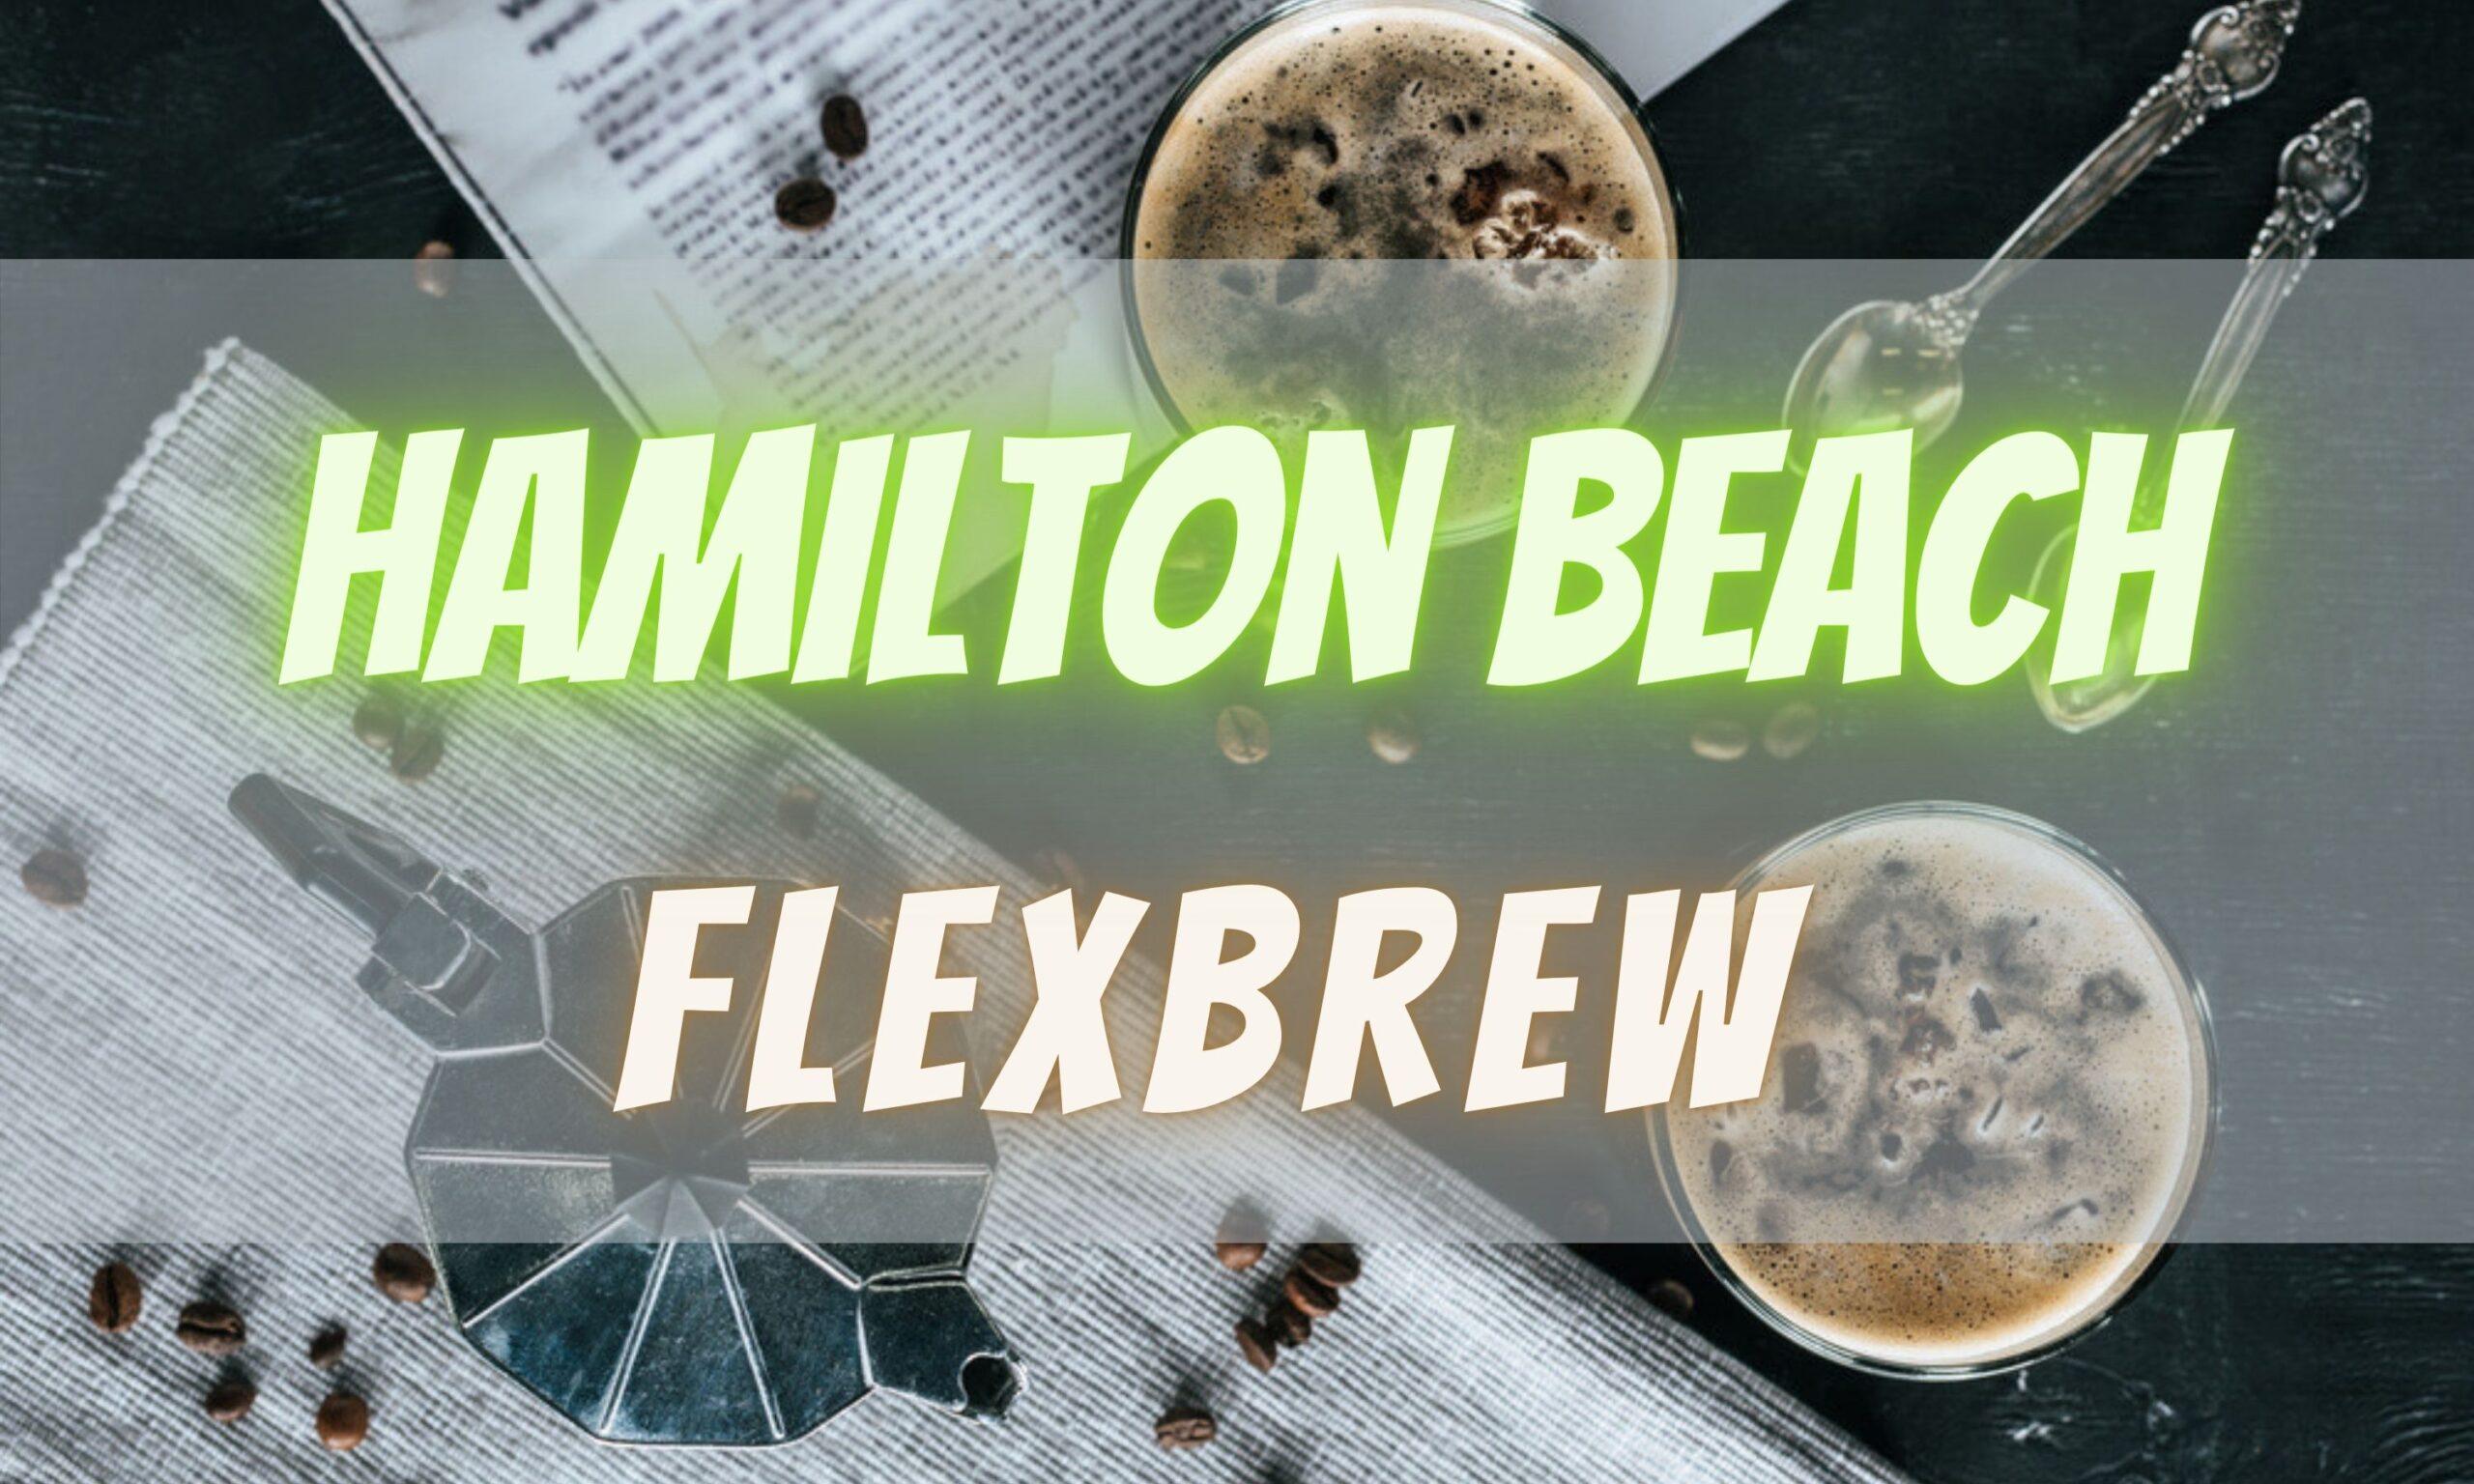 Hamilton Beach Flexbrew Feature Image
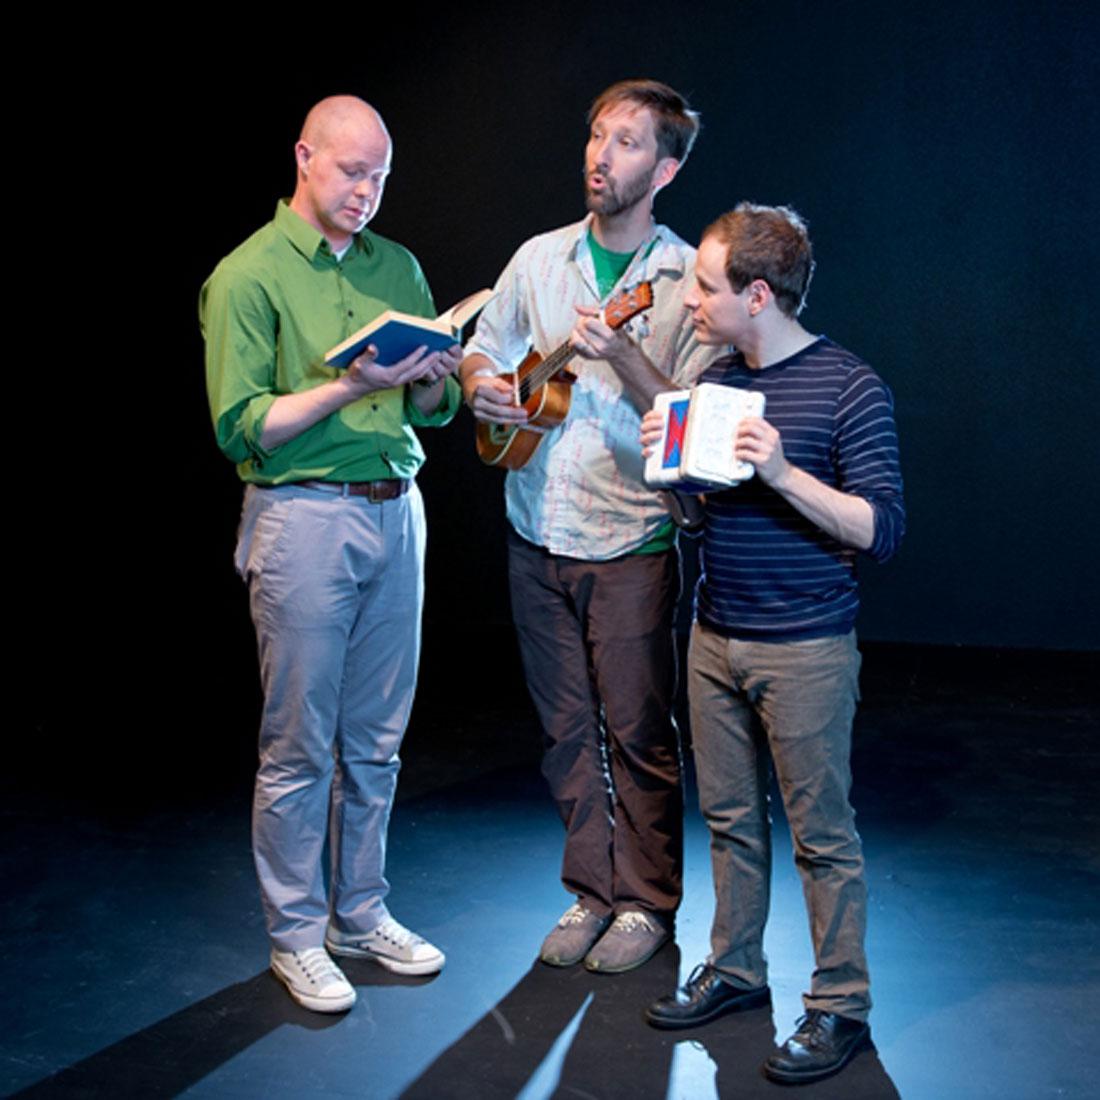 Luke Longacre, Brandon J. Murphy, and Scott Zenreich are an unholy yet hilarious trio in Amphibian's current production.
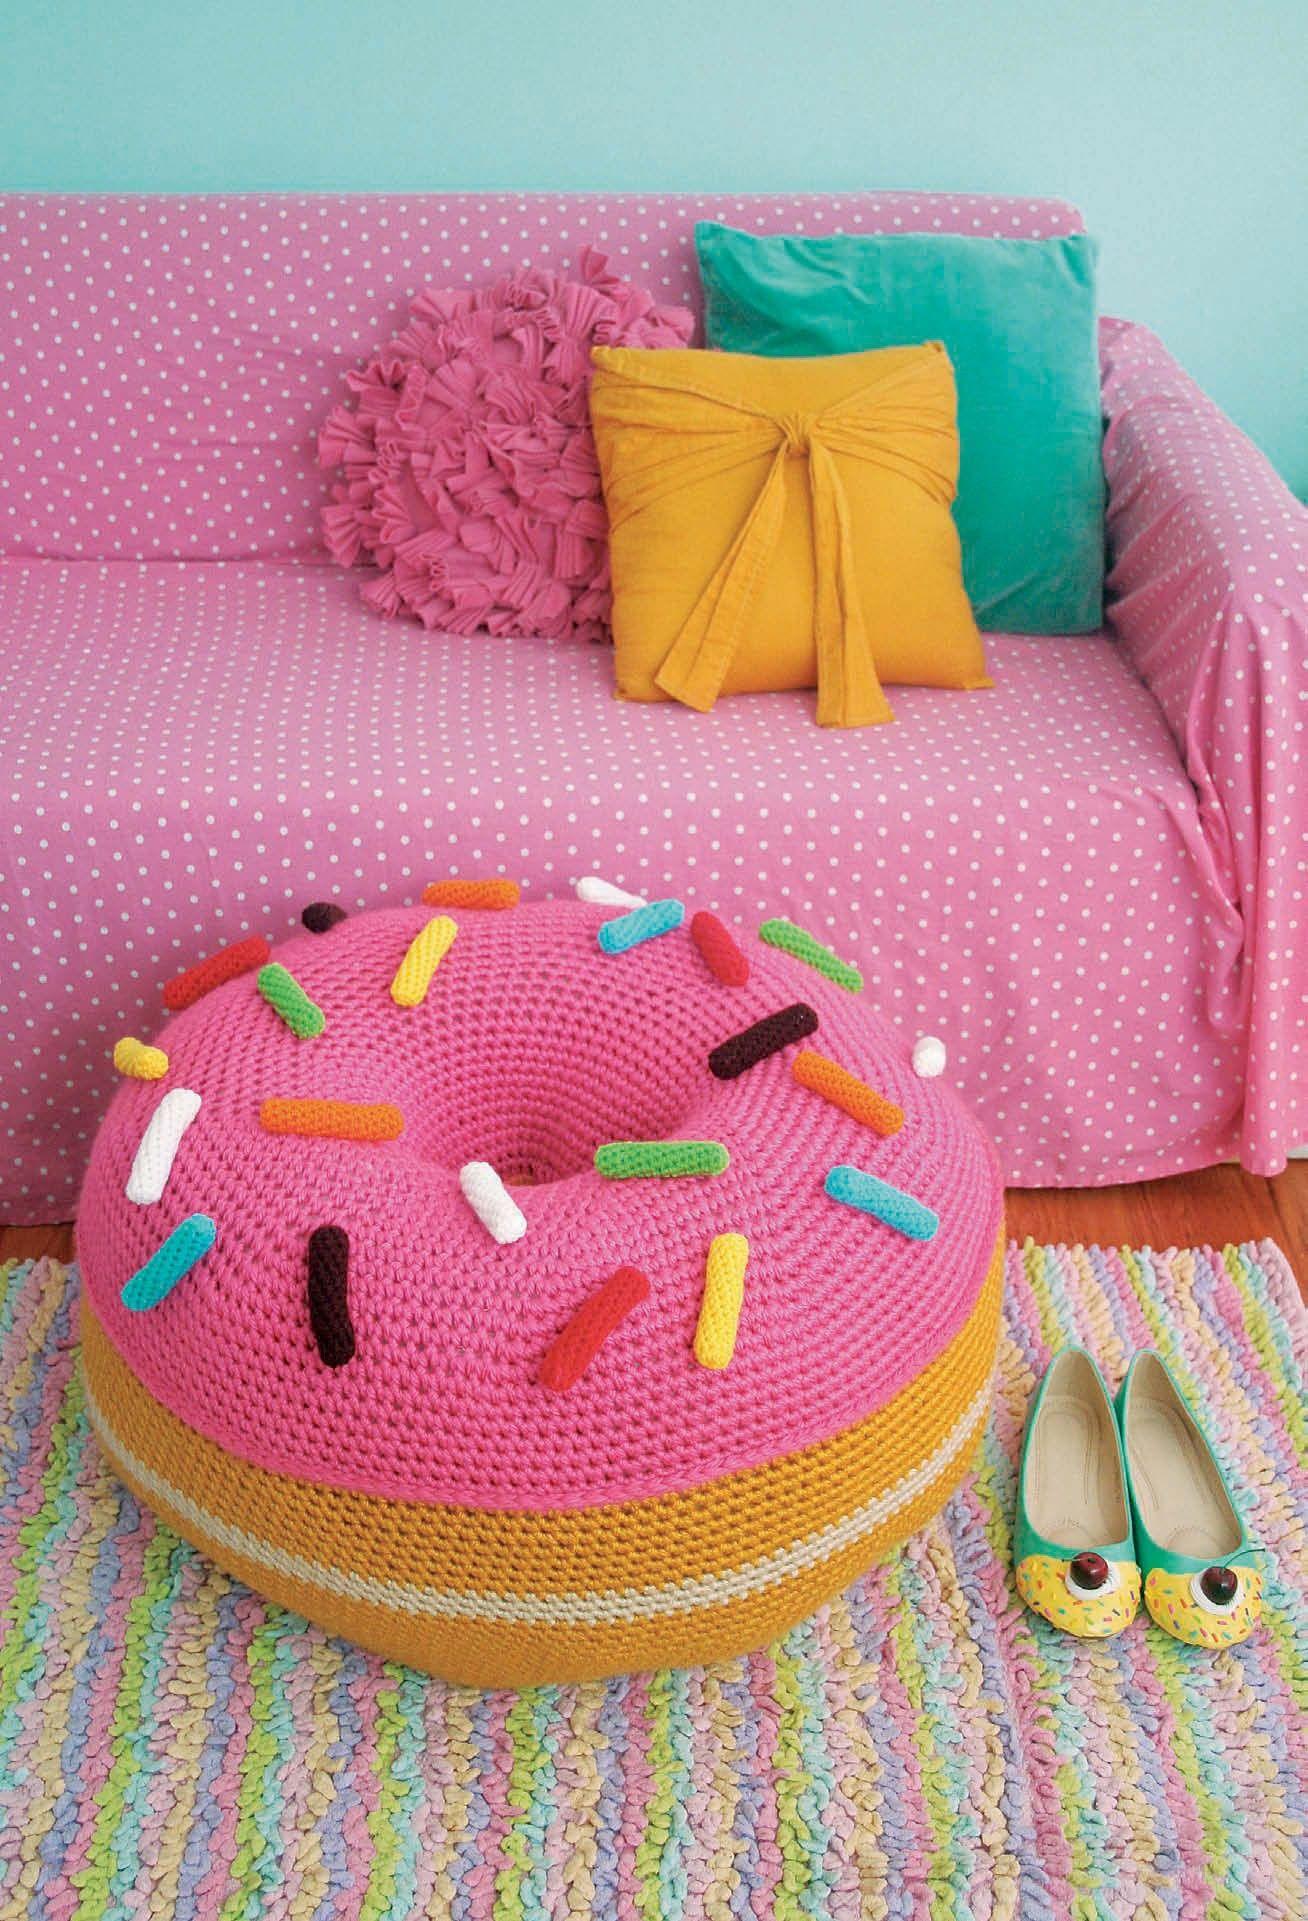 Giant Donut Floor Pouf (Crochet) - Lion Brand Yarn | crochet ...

TASK PROMPT: Exactly the lines from the line with "Luke Longacre, Brandon" through the end of the data are to be reproduced, and no picture is to be included.

ANSWER SECTION:
 Luke Longacre, Brandon J. Murphy, and Scott Zenreich are an unholy yet hilarious trio in Amphibian's current production.
 Giant Donut Floor Pouf (Crochet) - Lion Brand Yarn | crochet ...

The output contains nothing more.